Per il premier Conte, “ogni sistema economico assume le iniziative per difendere le proprie imprese e i propri cittadini”. In stile Trump, per intendersi. Lo stesso Trump che oggi si è adirato prendendo duramente di mira il governatore Bce e aprendo un inedito fronte tra Casa Bianca ed Eurotower: “Mario Draghi ha appena annunciato il possibile arrivo di altri stimoli, facendo immediatamente calare l’euro contro il dollaro, e rendendo ingiustamente più facile per loro (l’Europa, ndr) competere con gli Stati Uniti. Sono anni che lo stanno facendo, insieme alla Cina e ad altri. È sleale”.

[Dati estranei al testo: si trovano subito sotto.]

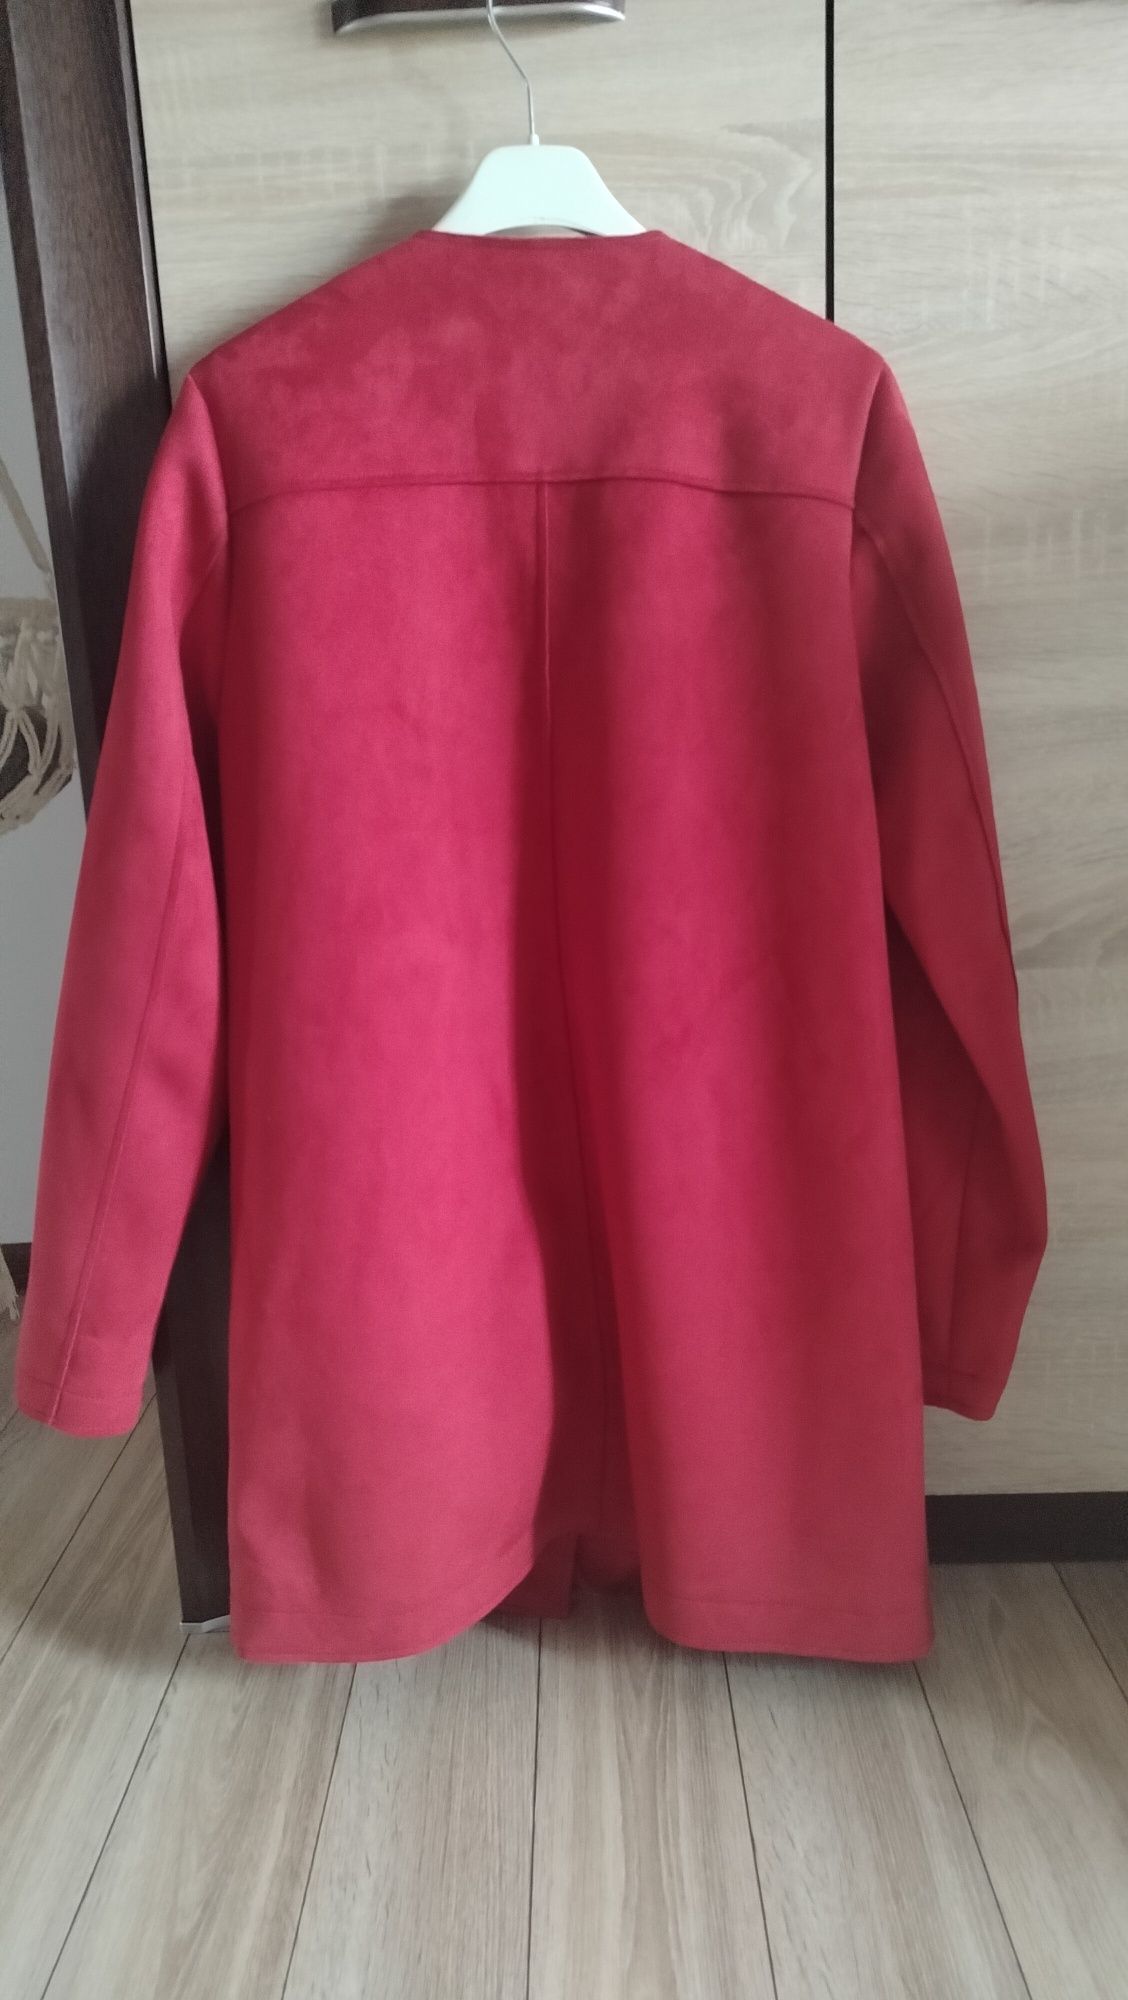 Czerwony burgrundowy płaszcz długi zamszowy cienki zapinany na zatrzas

Nella “guerra dei tassi” tra Usa ed Eurozona c’è un aspetto ironico e beffardo per il Governo italiano: Trump, ieri elogiato dal vicepremier italiano Matteo Salvini in visita negli States, incarna oggi il ruolo dell’avversario mentre Draghi, spesso attaccato in passato da Lega e M5S, è il più valido alleato dell’esecutivo gialloverde perché dispone, e pare intenzionato a utilizzarli, degli unici strumenti utili all’Italia per sottrarsi alla minaccia finanziaria dello spread, nella fase più delicata del suo negoziato con Bruxelles sulla procedura di infrazione.
L’attacco di Trump è quindi rivolto a Francoforte, ma nasconde anche l’auspicio che la sua banca centrale capisca qual è il da farsi. Domani infatti si terrà la riunione del Federal Open Market Committee, il braccio di politica monetaria della Federal Reserve. Il tycoon da tempo preme sul presidente Jerome Powell per un taglio dei tassi, dopo nove rialzi consecutivi da dicembre 2015 a dicembre 2018. Di recente Powell ha aperto in questa direzione (alcuni investitori si aspettano tagli già a partire da luglio) ma evidentemente il presidente Usa ha avvertito l’esigenza di rammentare alla Fed cosa si aspetta la Casa Bianca. Sarà un caso ma nel pomeriggio è stata fatta trapelare una velina su alcuni approfondimenti legali per un eventuale declassamento di Powell da presidente Fed: in altre parole, una sua sostituzione. Indiscrezioni subito smentite, ma di certo non passate inosservate. Non siamo certamente ai livelli del “whatever it takes”, ma le parole di Draghi di oggi qualche effetto lo hanno prodotto.